Mutter plaudert aus dem Nähkästchen
100 Besucher hören gespannt zu
Von seiner Seriosität war am Sonntagnachmittag nichts zu merken, zumindest nicht von einer etwaig einhergehenden Steifheit oder Humorlosigkeit. Im Gegenteil: In kurzer Hose und Turnschuhen saß Tim Frühling entspannt auf seinem Barhocker, las aus seinem Buch oder erzählte daraus – manchmal so ineinander übergehend, dass man als gebannter Zuhörer gar nicht den Unterschied bemerkte.Stattdessen konzentrierte sich der Autor darauf, wortgewandt den Mercedes der Grills – einen hochkomplexen Weber-Grill, den manche lieber in den Vorgarten stellen als darauf grillen würden – mit allen Raffinessen zu beschreiben oder sich besondere Dips und Soßen für das Barbecue auszudenken, von denen er dringend abriet, sie nachzukochen: "Das ist hier ein Krimi und kein Rezeptbuch!" In der Ankündigung versprach er eine kulinarisch versierte Persiflage auf Edelsteak – wenn auch die Gäste von Leo Vossen in dem Grillfleisch-Krimi nicht das bekamen, was ihnen angekündigt wurde, die Zuhörer im Garten der Villa bekamen es.
Ein ernster Krimi
"Mir ist es wichtig, dass meine Leser oder Zuhörer sich in den Situationen wiederfinden oder ähnliche Situationen oder Menschen kennen", erläutert Tim Frühling am Rande der Lesung im Gespräch, für das er sich mit seiner Leserschaft auch viel Zeit nahm. So kam es auch zu seinem ersten Buch "Nichts kann ich mir am besten merken". "Ich wollte einfach mal ein paar Sachen aufschreiben, die ich mir merken kann oder die mir auffallen – Unnützes eigentlich – das jeder aber irgendwie auch kennt", erinnert er sich. Damals gab er seine Geschichtensammlung an eine Bekannte aus dem Fischer-Verlag und war völlig überrascht, dass sie seine Geschichten als Buch veröffentlichen wollte.An seiner Idee des Schreibens, seiner persönlichen Note, allseits bekannte Alltagsszenen so überspitzt und mit dramaturgisch aufbauendem Humor so zu erzählen, dass er sowohl Spannung aufbaut als auch die Leser – oder in dem Fall Zuhörer – zum herzhaften Lachen bringt, hat er bis heute festgehalten. Auch in seinem Krimi, den seine Mutter ernster findet, als die letzten Bücher, wie der "Hessentagstod" oder die Geschichten von Kommissar Daniel Rohde aus Bad Hersfeld.

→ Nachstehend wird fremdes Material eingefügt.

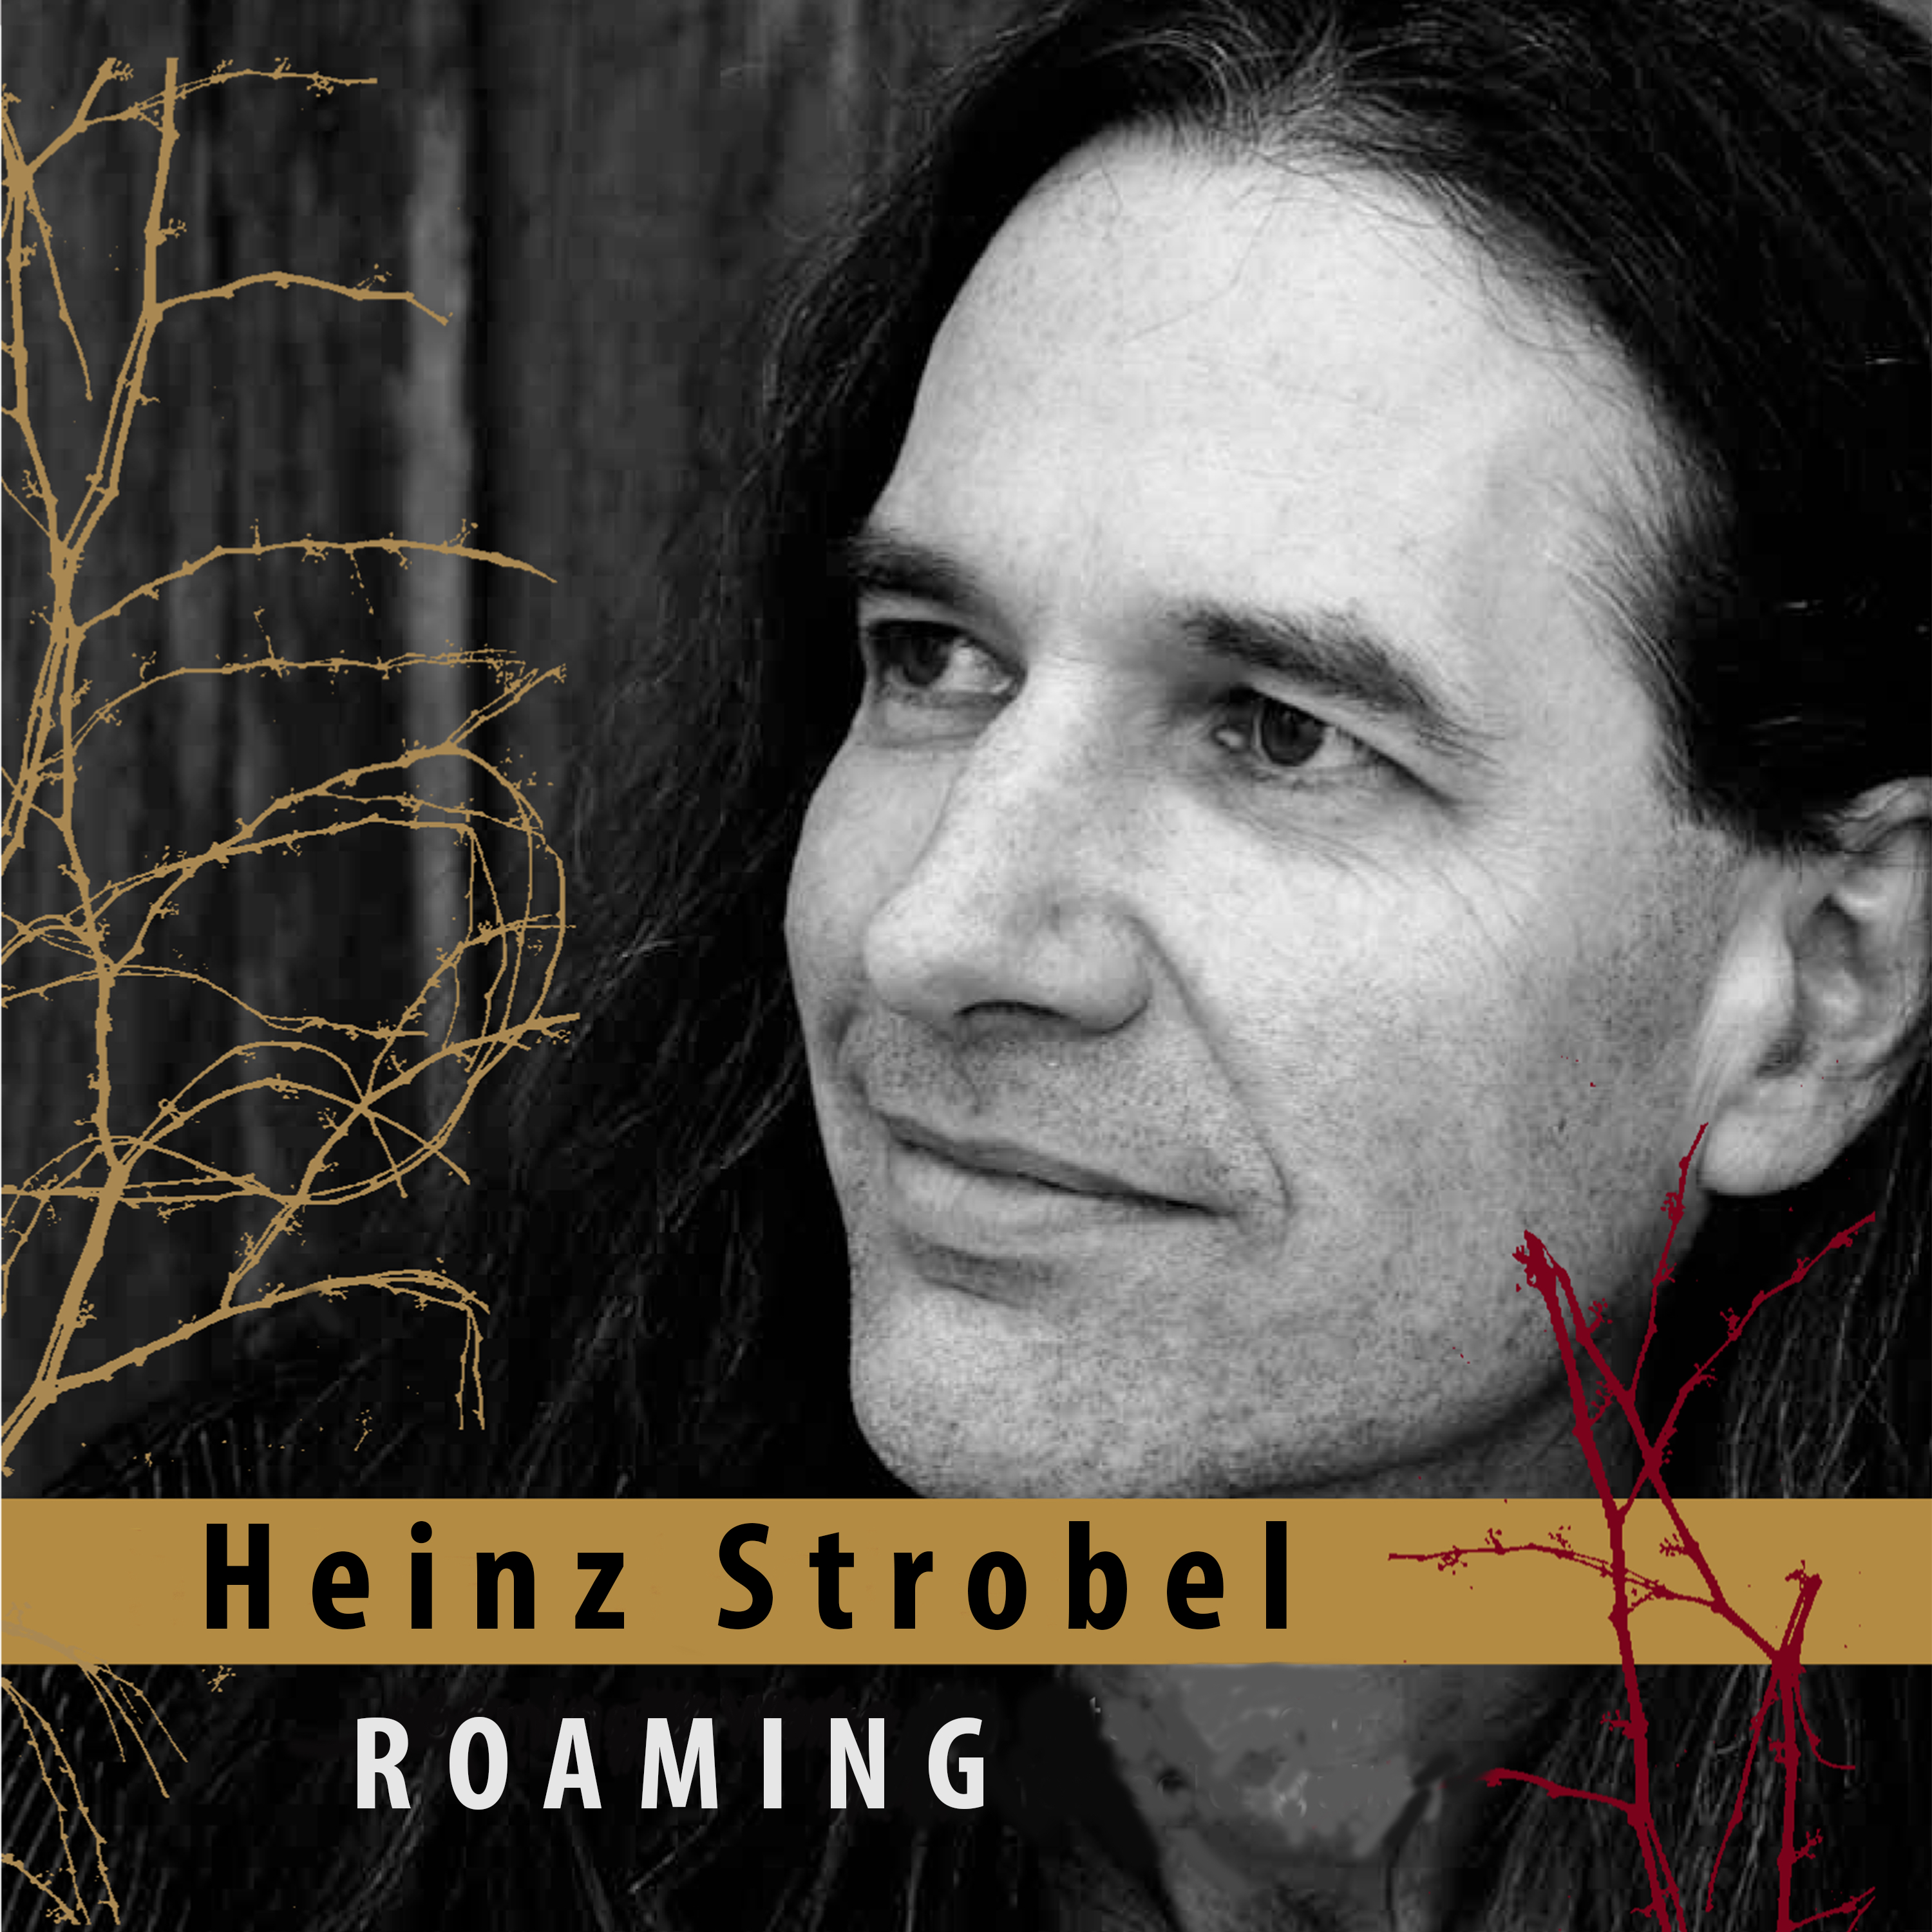 Heinz Strobels CD

Mutters Feedback in der Pause ernst genommen – schließlich war es eine der ersten Lesungen, die Tim Frühling mit seinem im Mai 2021 erschienenen Buch "Totgegrillt" gab – beendete er seinen Auftritt nicht mit der Szene der Leiche, sondern griff noch mal zu seinem Erstlingswerk.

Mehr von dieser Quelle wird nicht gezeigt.